§ Data shown

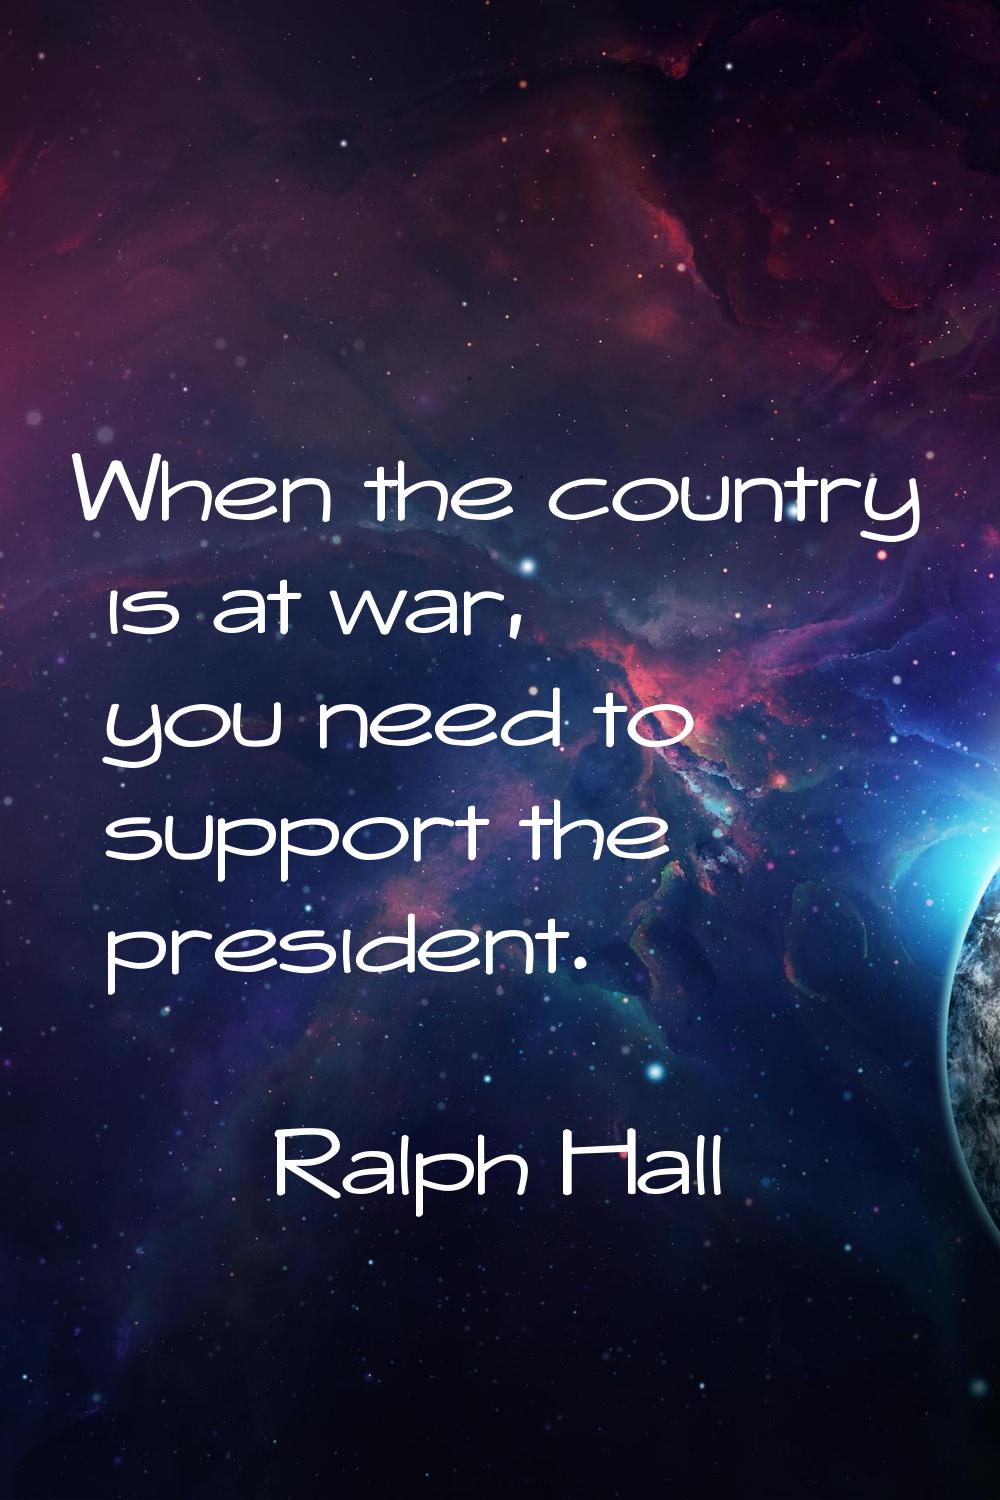 When the country is at war, you need to support the president.
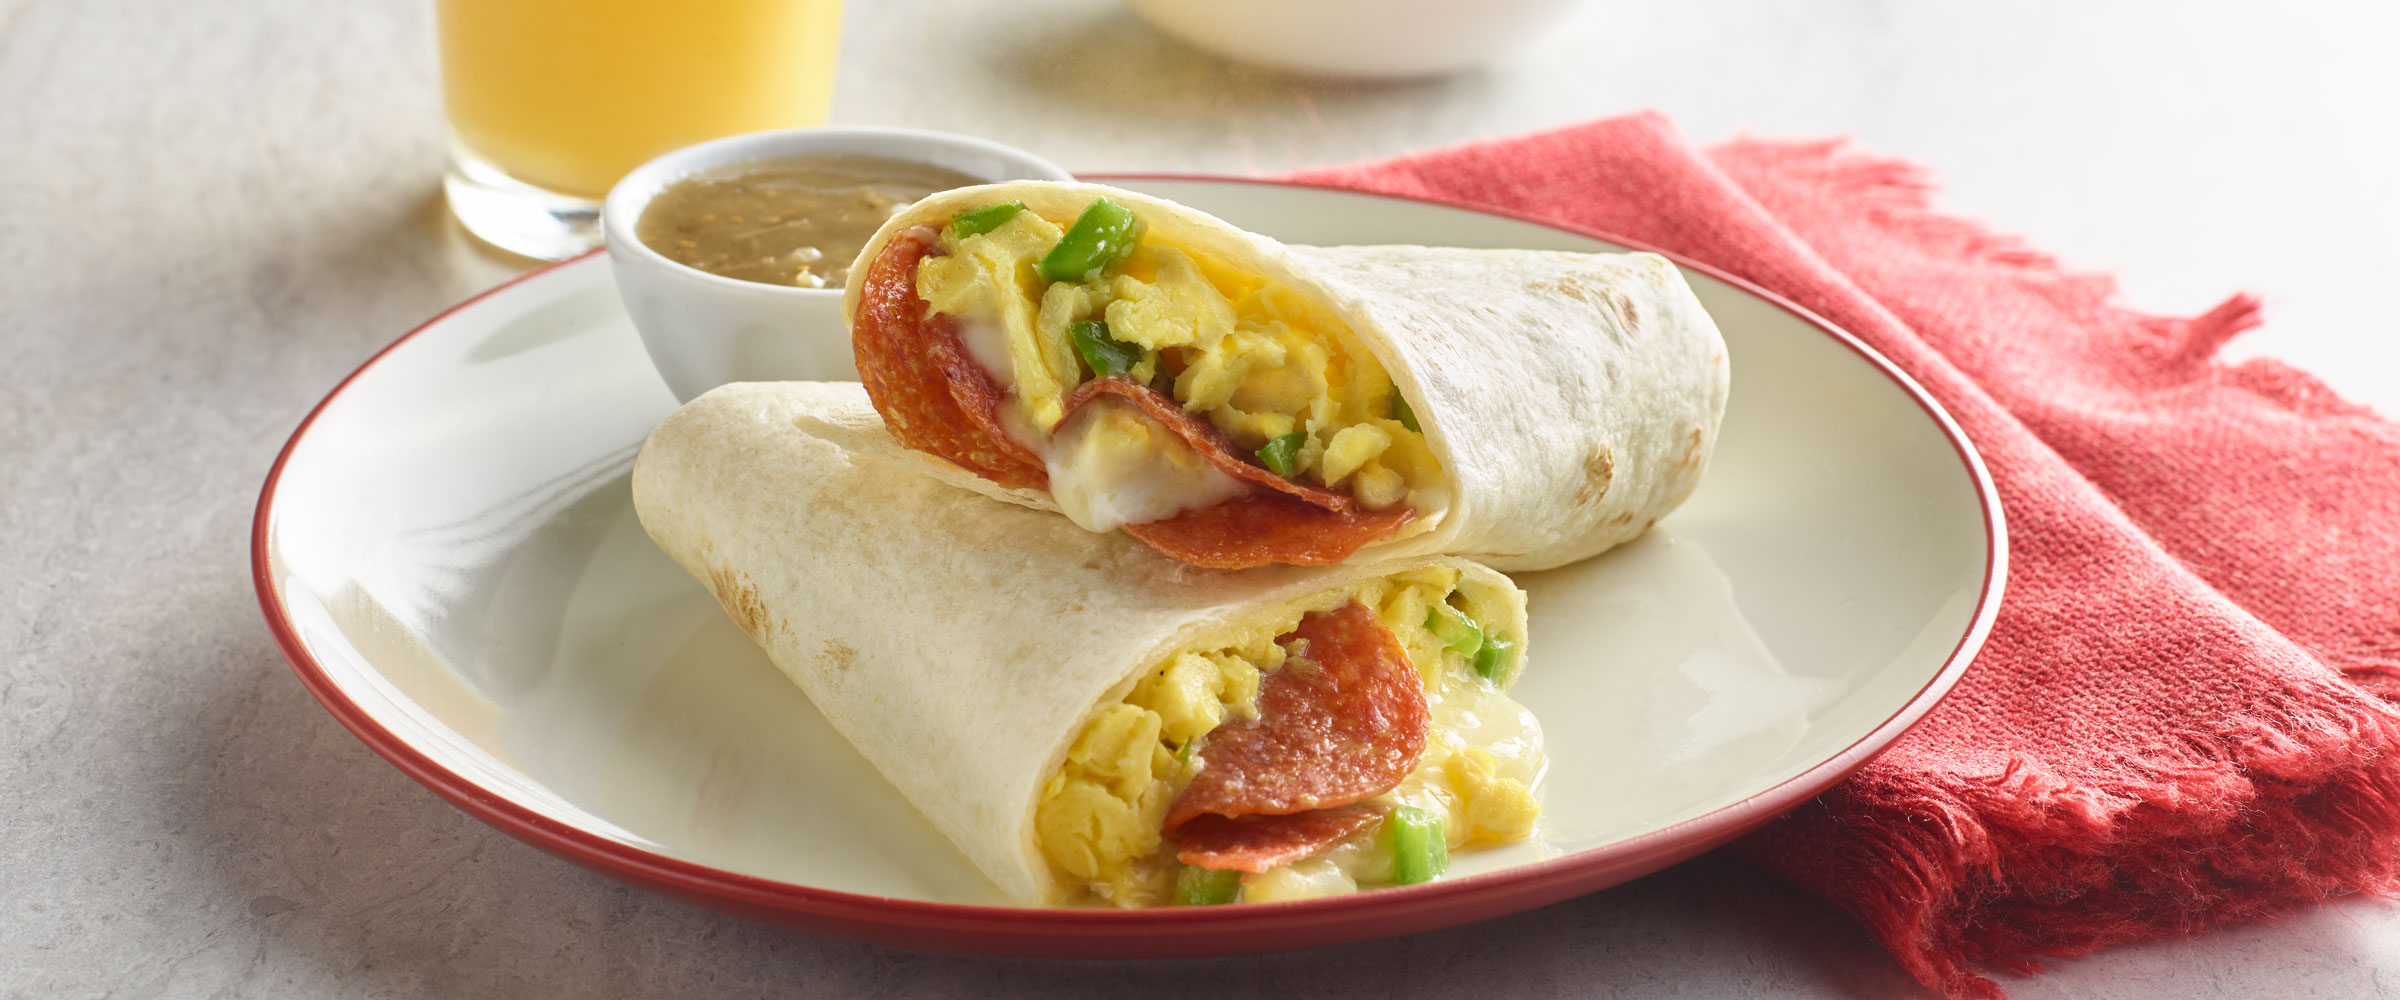 Italian Breakfast Burrito on plate with salsa and red napkin
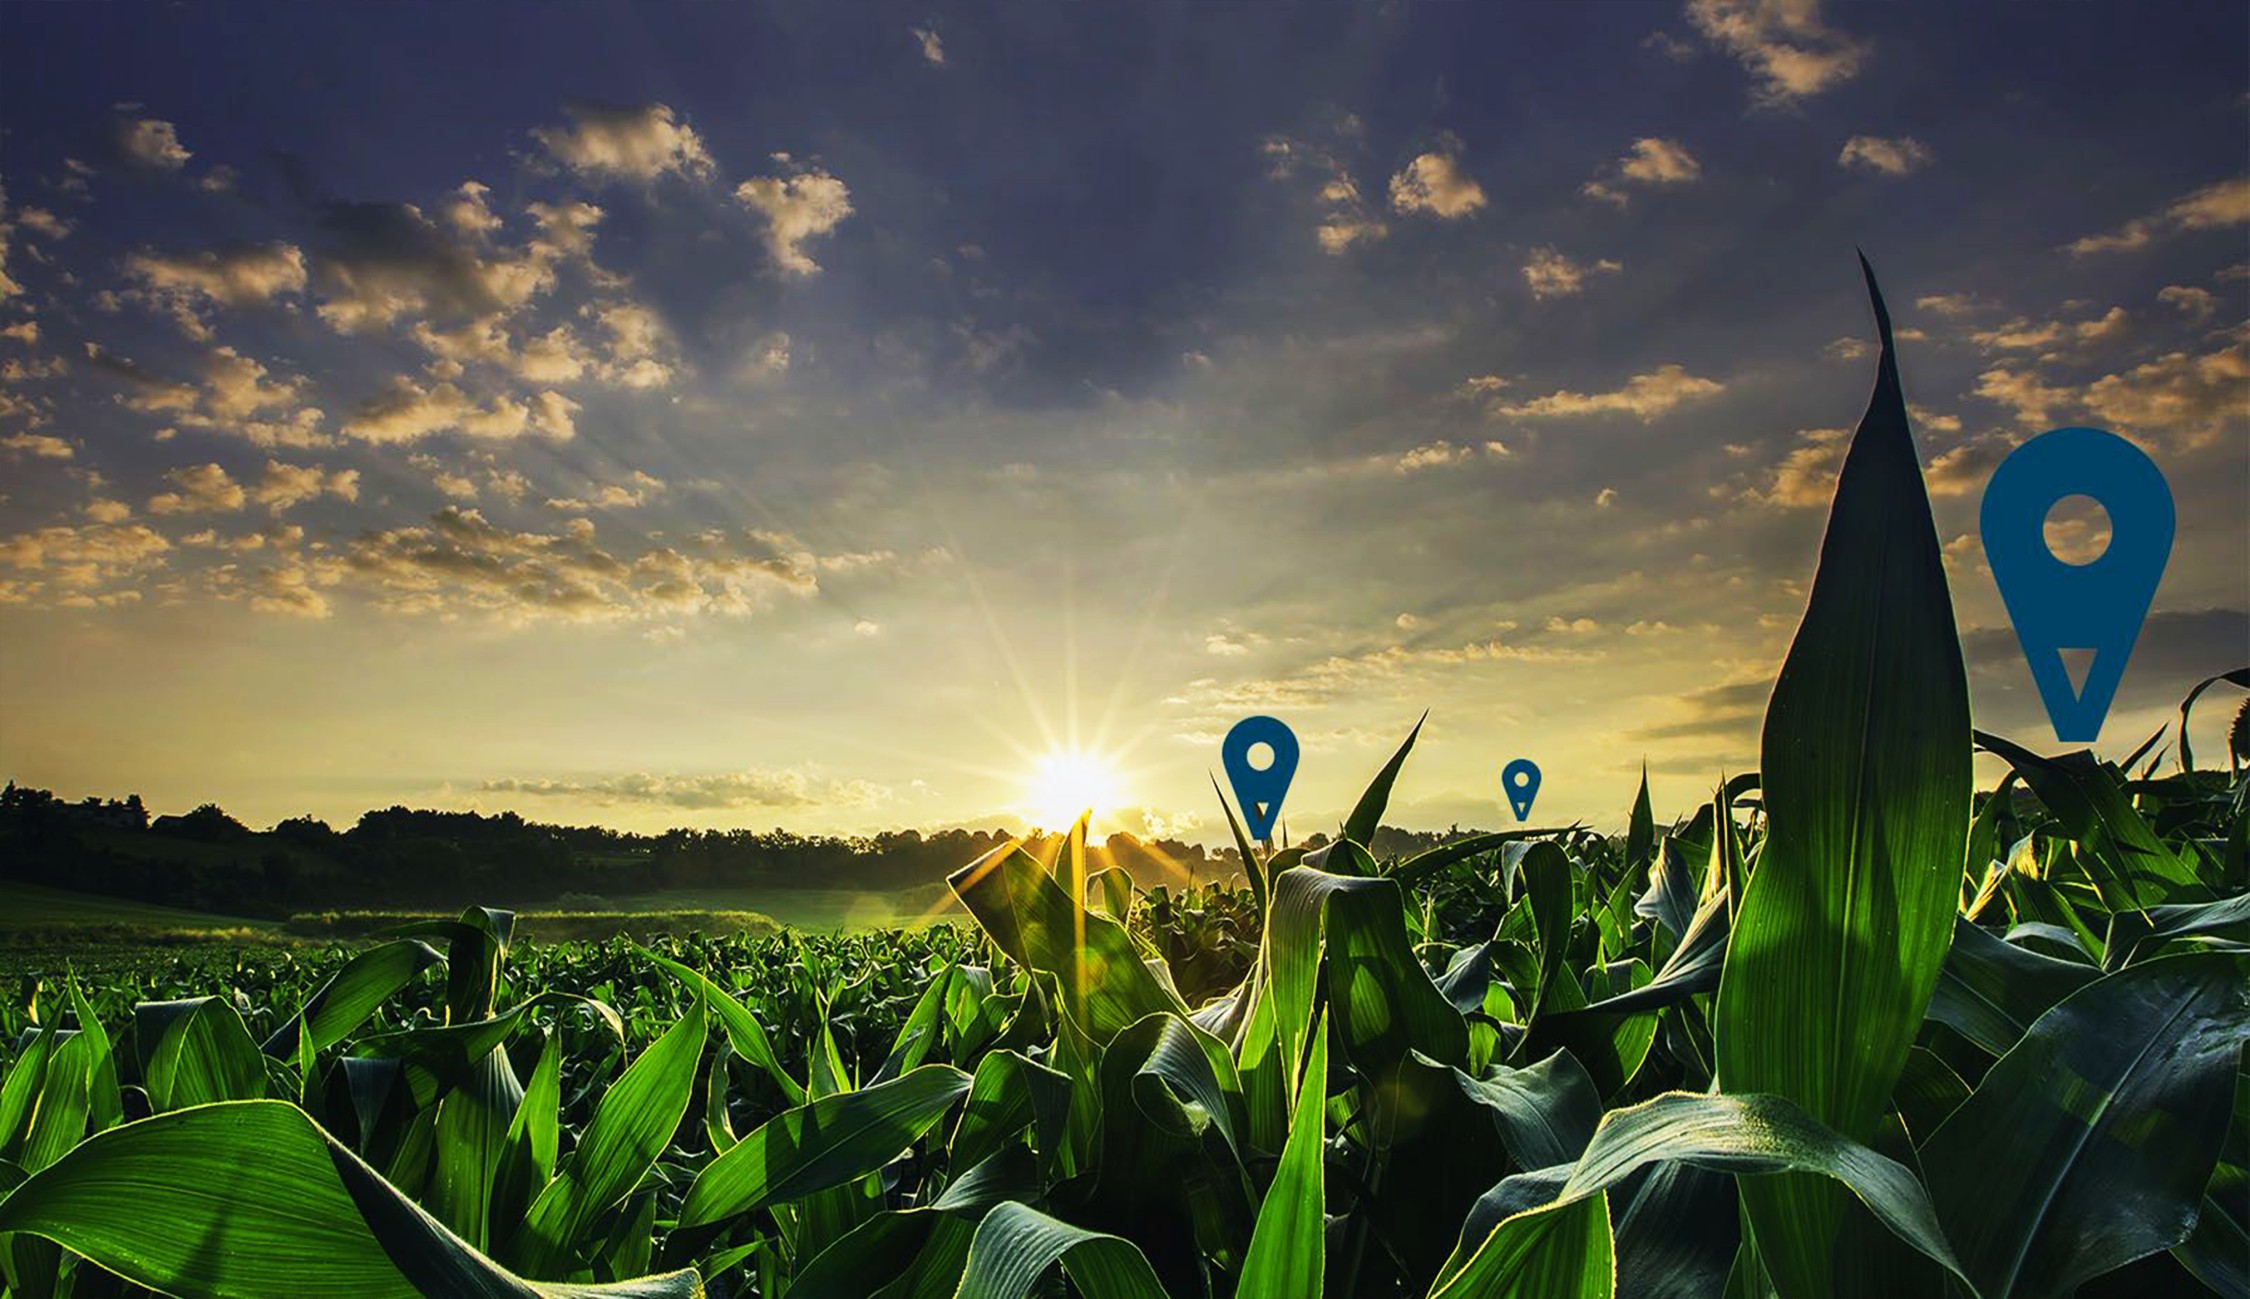 ROLE OF INFORMATION TECHNOLOGY (IT) IN AGRICULTURE

§ Task prompt
Going from the line that holds "Italian Breakfast Burrito" to the end of the listing above, copy each line exactly and nothing more, leaving pictures aside.

§ Written answer
 Italian Breakfast Burrito on plate with salsa and red napkin
 ROLE OF INFORMATION TECHNOLOGY (IT) IN AGRICULTURE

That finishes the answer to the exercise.